# EXERCISE AIM:
Please copy, exactly as they appear below, the lines from the one containing "Kingdom Of Giants" through the one containing "Printed Recycled Poly".

# MATERIALS PROVIDED:
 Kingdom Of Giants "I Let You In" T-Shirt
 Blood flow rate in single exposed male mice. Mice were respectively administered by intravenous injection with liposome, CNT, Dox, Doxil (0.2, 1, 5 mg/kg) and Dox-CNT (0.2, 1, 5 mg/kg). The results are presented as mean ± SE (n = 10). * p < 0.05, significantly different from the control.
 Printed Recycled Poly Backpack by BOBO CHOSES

==

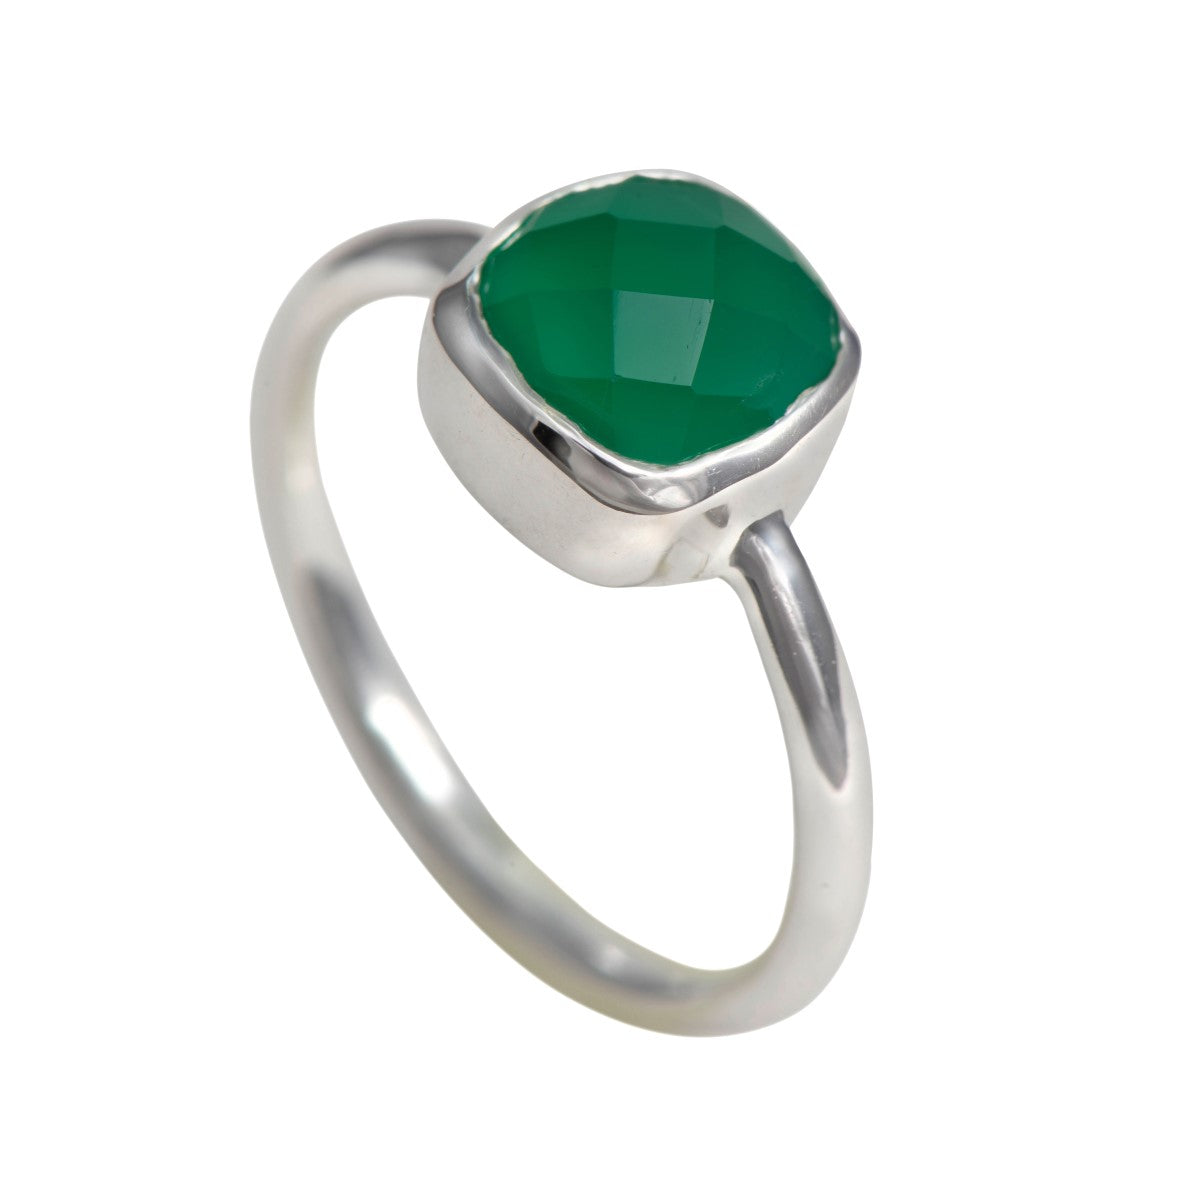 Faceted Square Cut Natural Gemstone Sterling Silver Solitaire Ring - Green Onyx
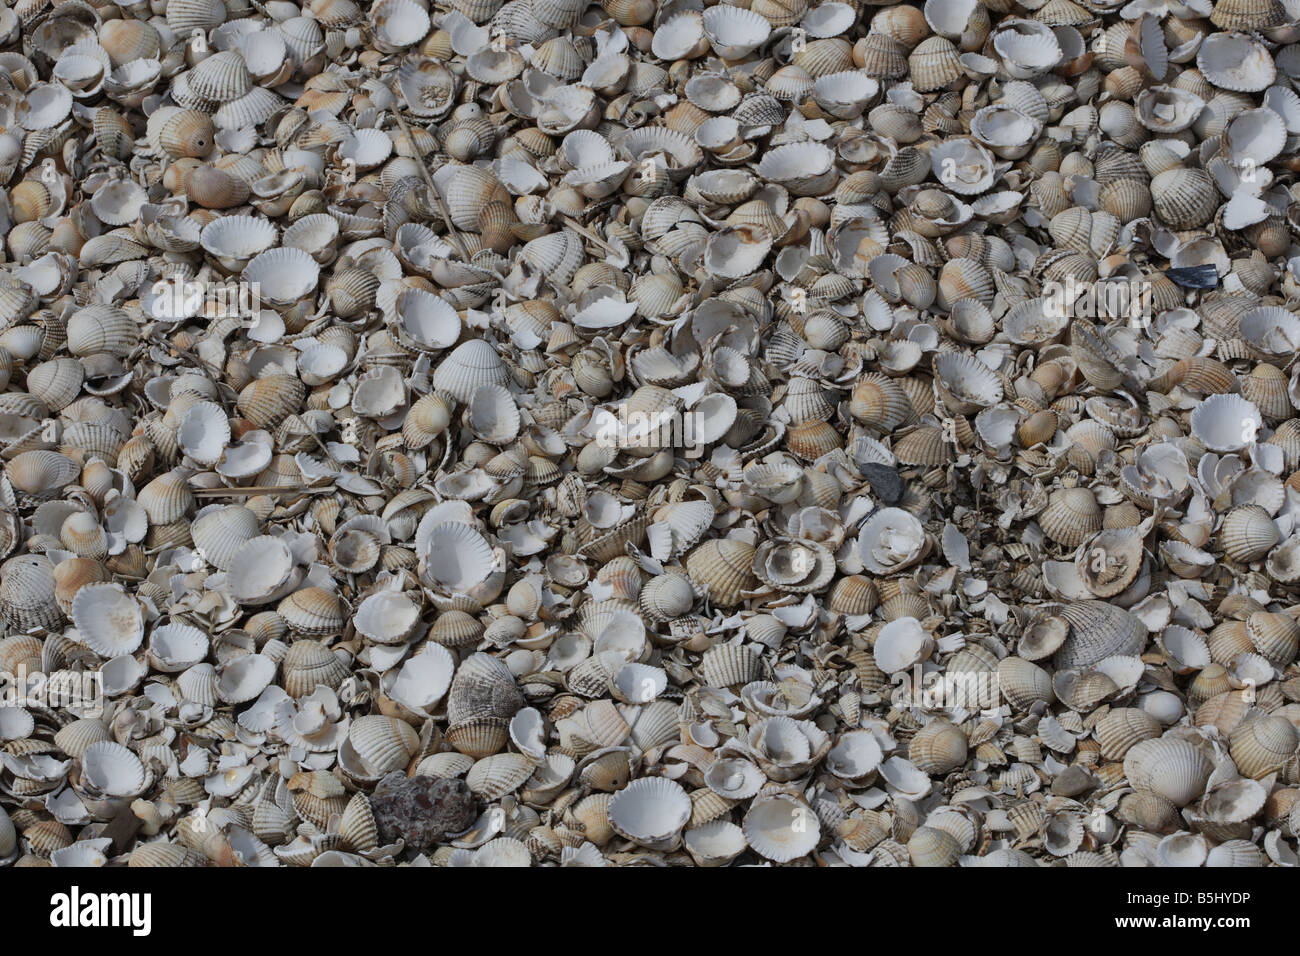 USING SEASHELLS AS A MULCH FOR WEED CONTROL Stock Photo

---

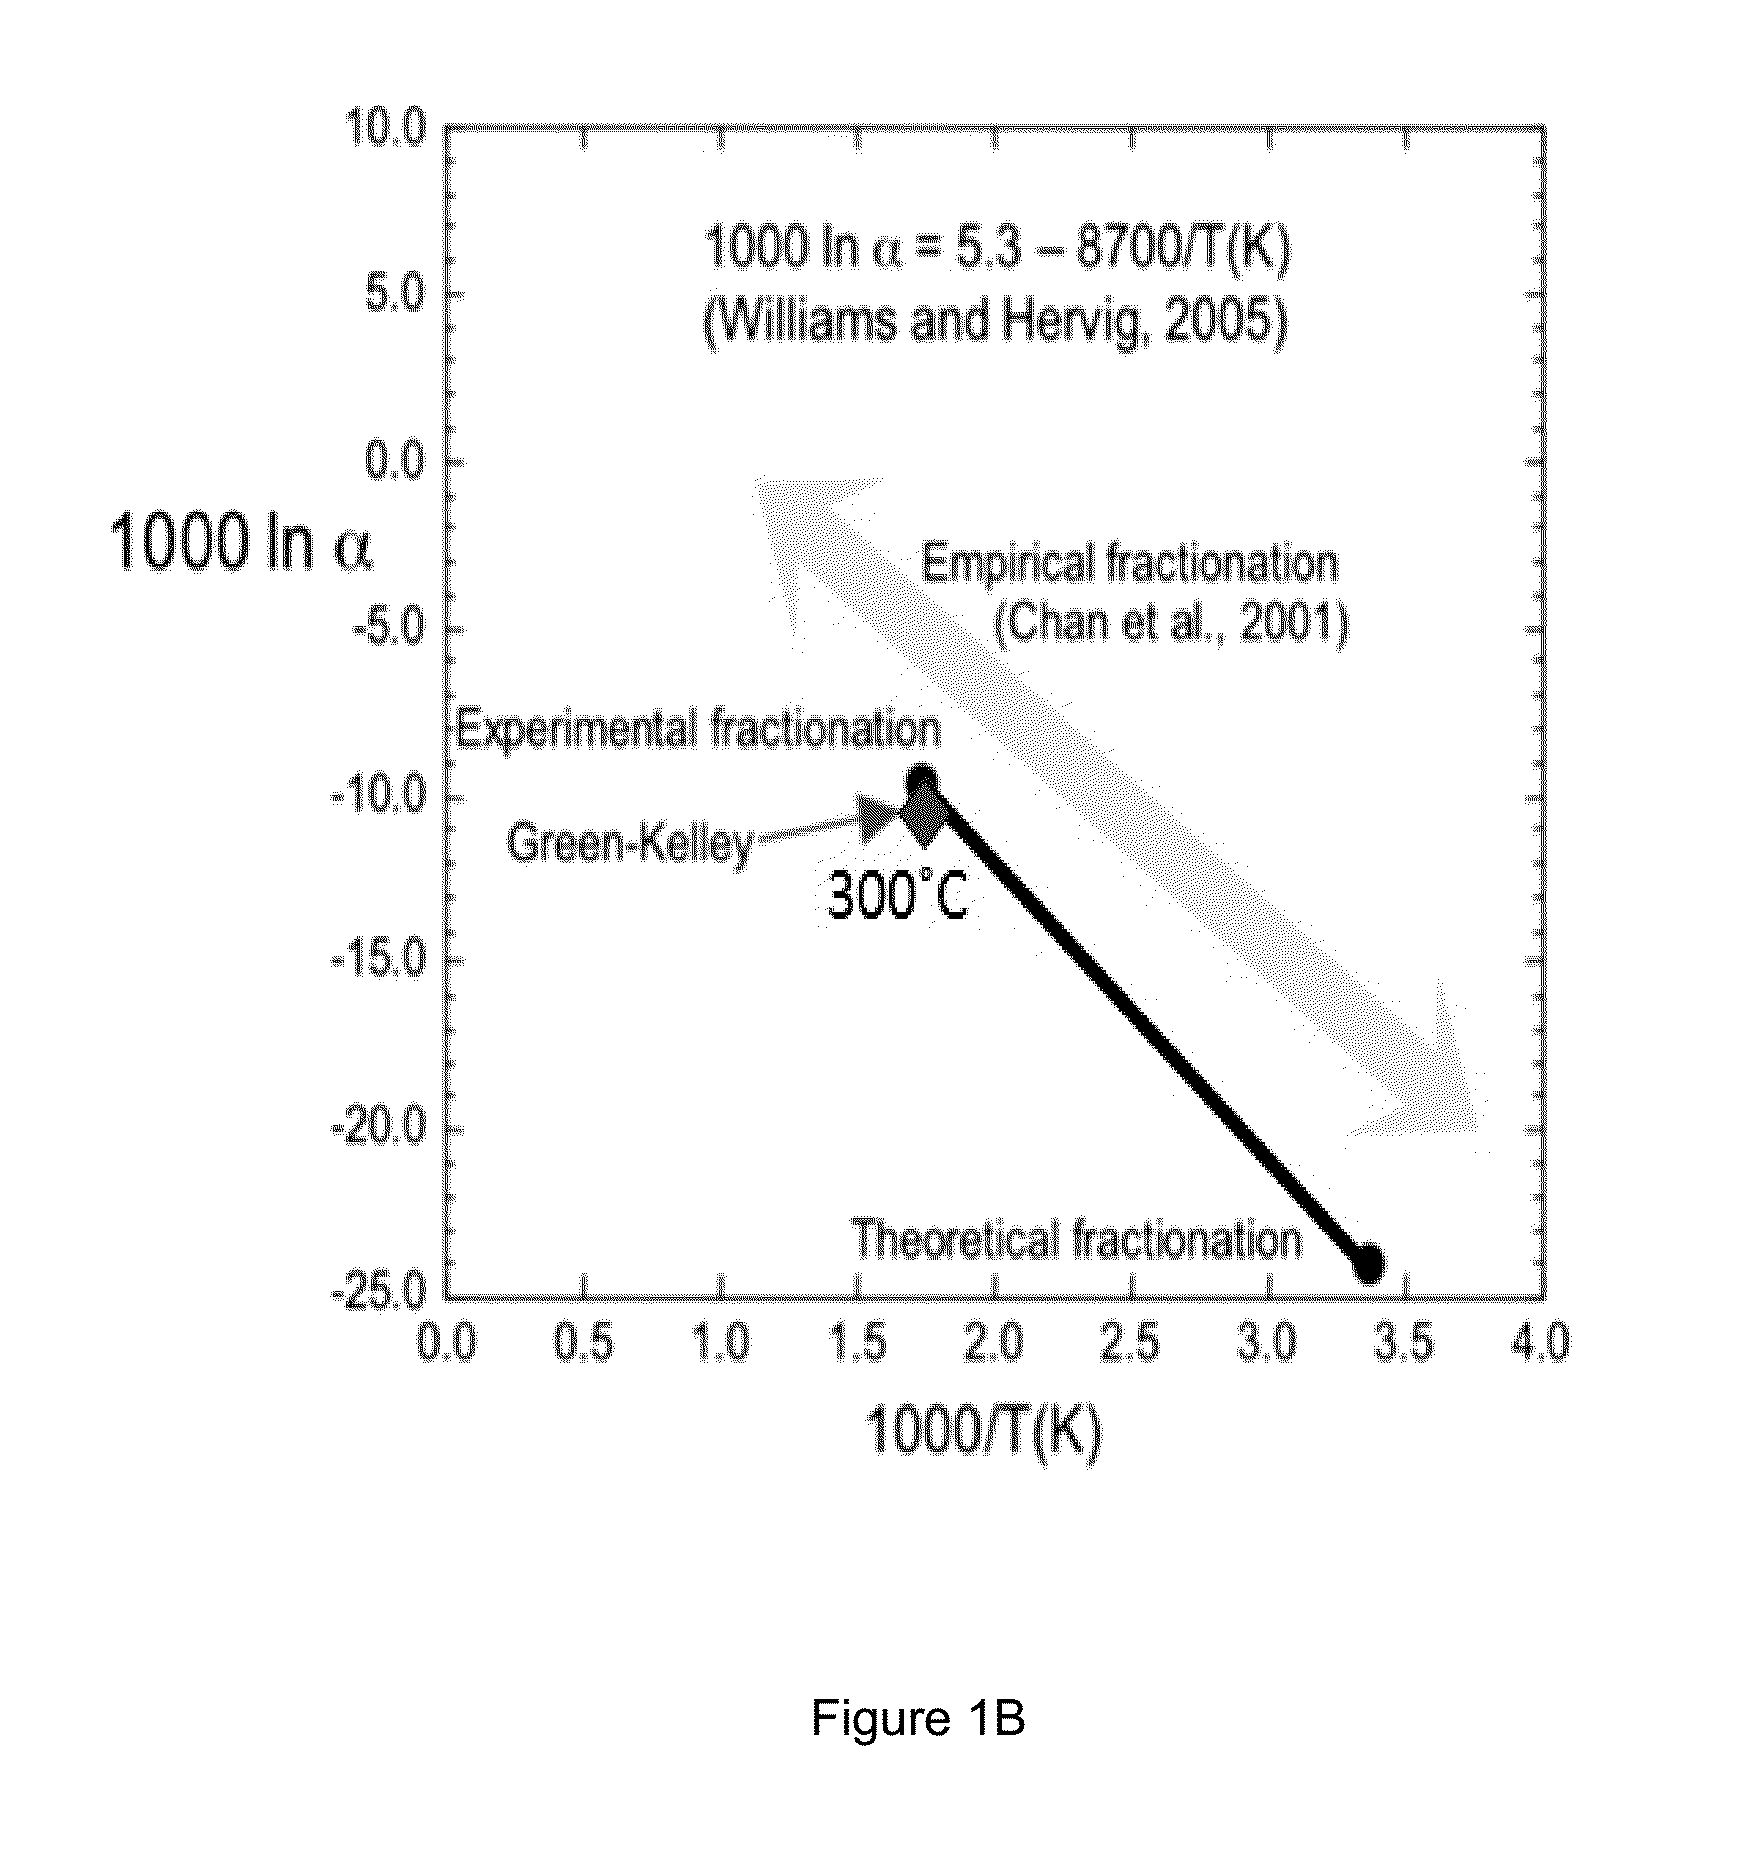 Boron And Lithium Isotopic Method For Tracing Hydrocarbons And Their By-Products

# SOLVED EXERCISE:
 Kingdom Of Giants "I Let You In" T-Shirt
 Blood flow rate in single exposed male mice. Mice were respectively administered by intravenous injection with liposome, CNT, Dox, Doxil (0.2, 1, 5 mg/kg) and Dox-CNT (0.2, 1, 5 mg/kg). The results are presented as mean ± SE (n = 10). * p < 0.05, significantly different from the control.
 Printed Recycled Poly Backpack by BOBO CHOSES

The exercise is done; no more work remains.